Kess stuck to the edge of the city, keeping to the shadows. That thing followed her as usual from the rooftops, a tiny zipping light in the corner of her vision. It was one more reason she needed to leave. She couldn’t protect her brother or Draven from something like that. Clouds, she wasn’t even sure she could protect herself from whatever that was.

Tonight, however, the Shadow seemed content just to follow her, so she let it. She’d tried to slip it before with no luck. Best to simply let it be, whatever it was.

As twilight fell and the glowing amber lights of the Downhill came alive with lit fuel, Kess made her way up a set of steps set into a hillside. Here, trees grew over a series of rolling hills, and the plateau was higher than most of the lower city, though still firmly within the Dawnring. Piles of rocks decorated the ground, and Kess picked her way over the grass towards a tree at the very edge of the terrace overlooking the mountains. In the distance, a lake sparkled through the clouds, barely visible. And at her feet, two piles of small, unassuming rocks poked out from near the base of the tree.

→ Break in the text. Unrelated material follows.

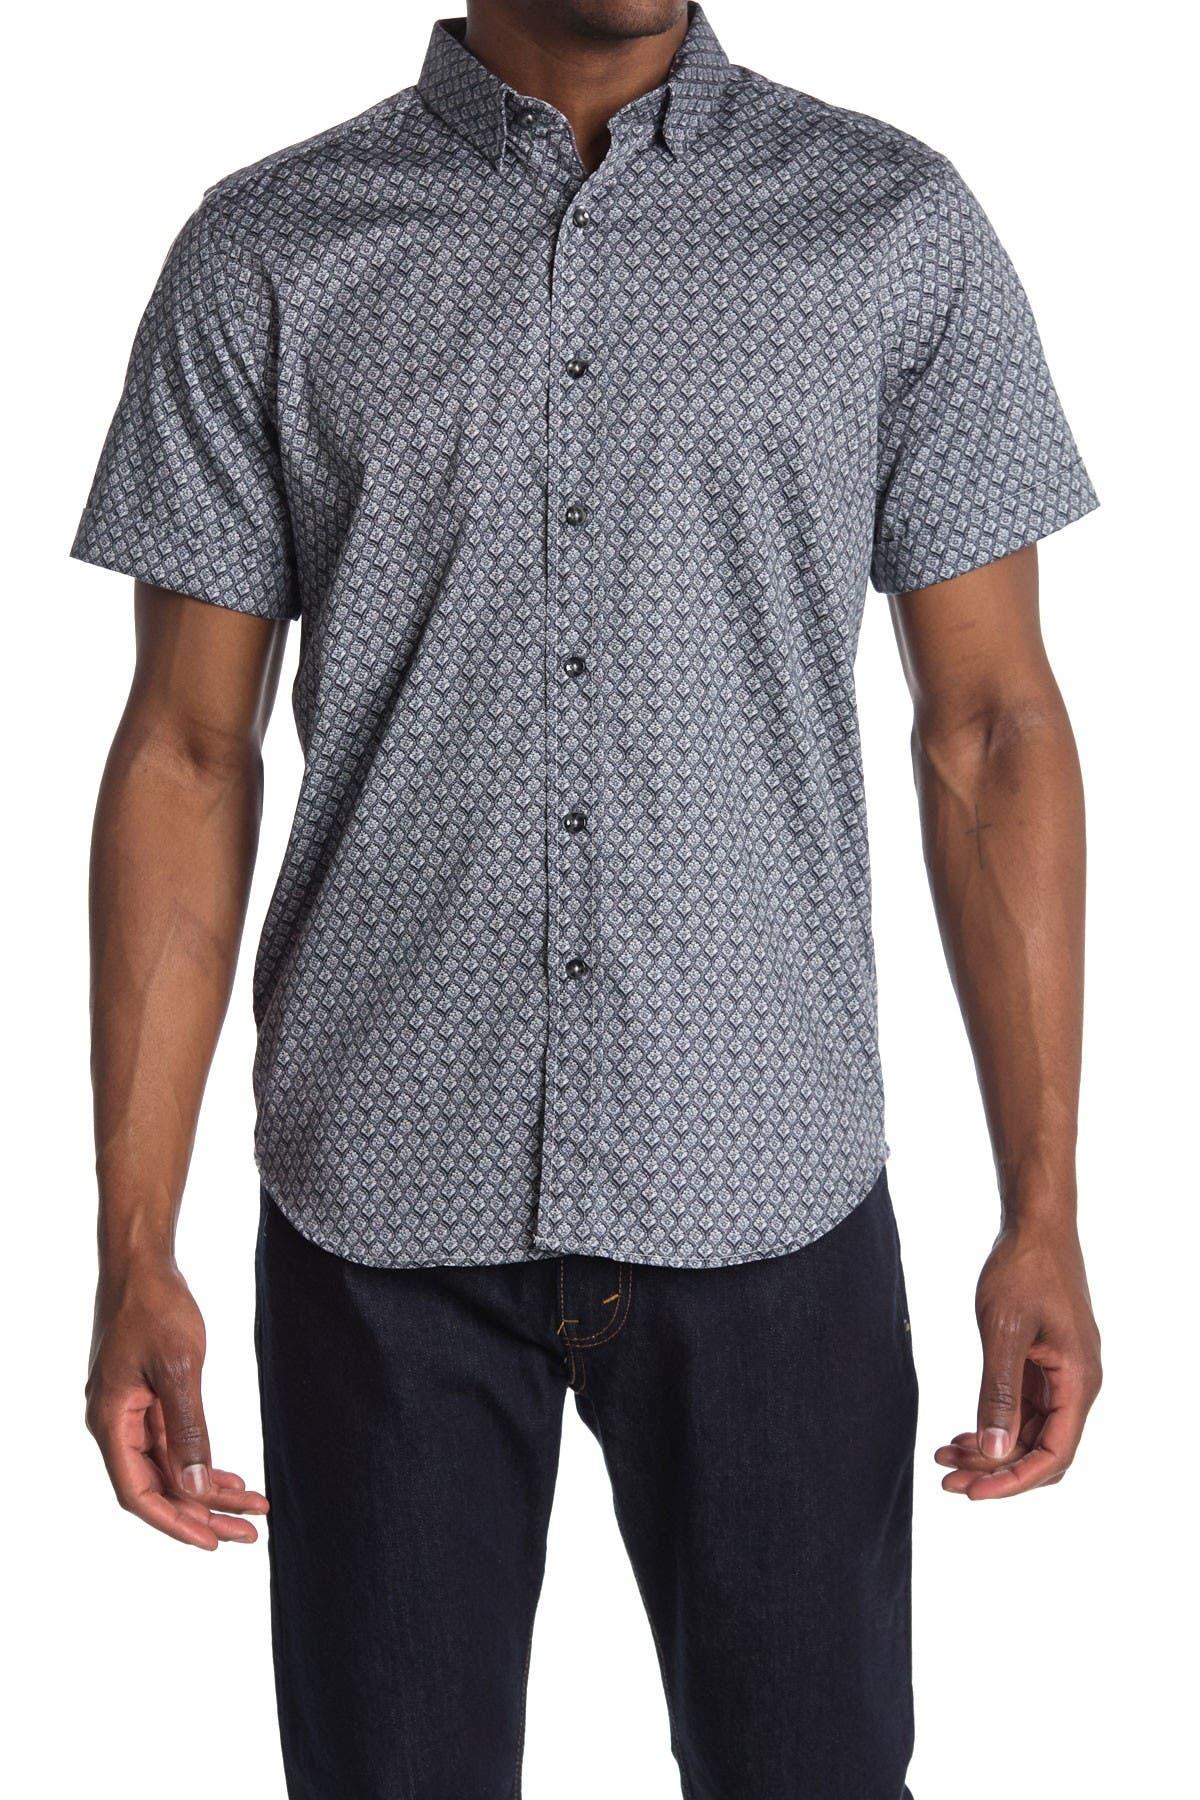 Image of Robert Graham Solano Printed Regular Fit Shirt

The Shadow crouched on a nearby building, presumably watching. Let it watch, Kess thought. There was no point in hiding what she was doing anyway. She pulled two small glass globes from her pocket and lit the two small candles inside with a match from her pocket. Many Hillcrest citizens used Fulminancy to light these, but Kess couldn’t think of anything less personal than that eerie light that destroyed nearly everything it touched. Instead, hers glowed a pleasant amber— the same as the lamp fuel throughout the city. She nestled them into the piles of rock and settled back against a nearby tree, watching the golden glow in the blue twilight. The glass prevented her candles from being blown out, and she watched that twinkling light as the sun set over the mountains, leaving her in the dusk with the two mounds.

She gathered her locket into her hands, feeling the metal warm her skin as the flames shied away, then tucked it beneath her shirt. The sun sank behind the cloudy horizon, the wind blew, and Kess stared at those two lights, fighting the screams she heard in her head until the candles snuffed out, drowning in their own wax, a whisper in the night, and then nothing.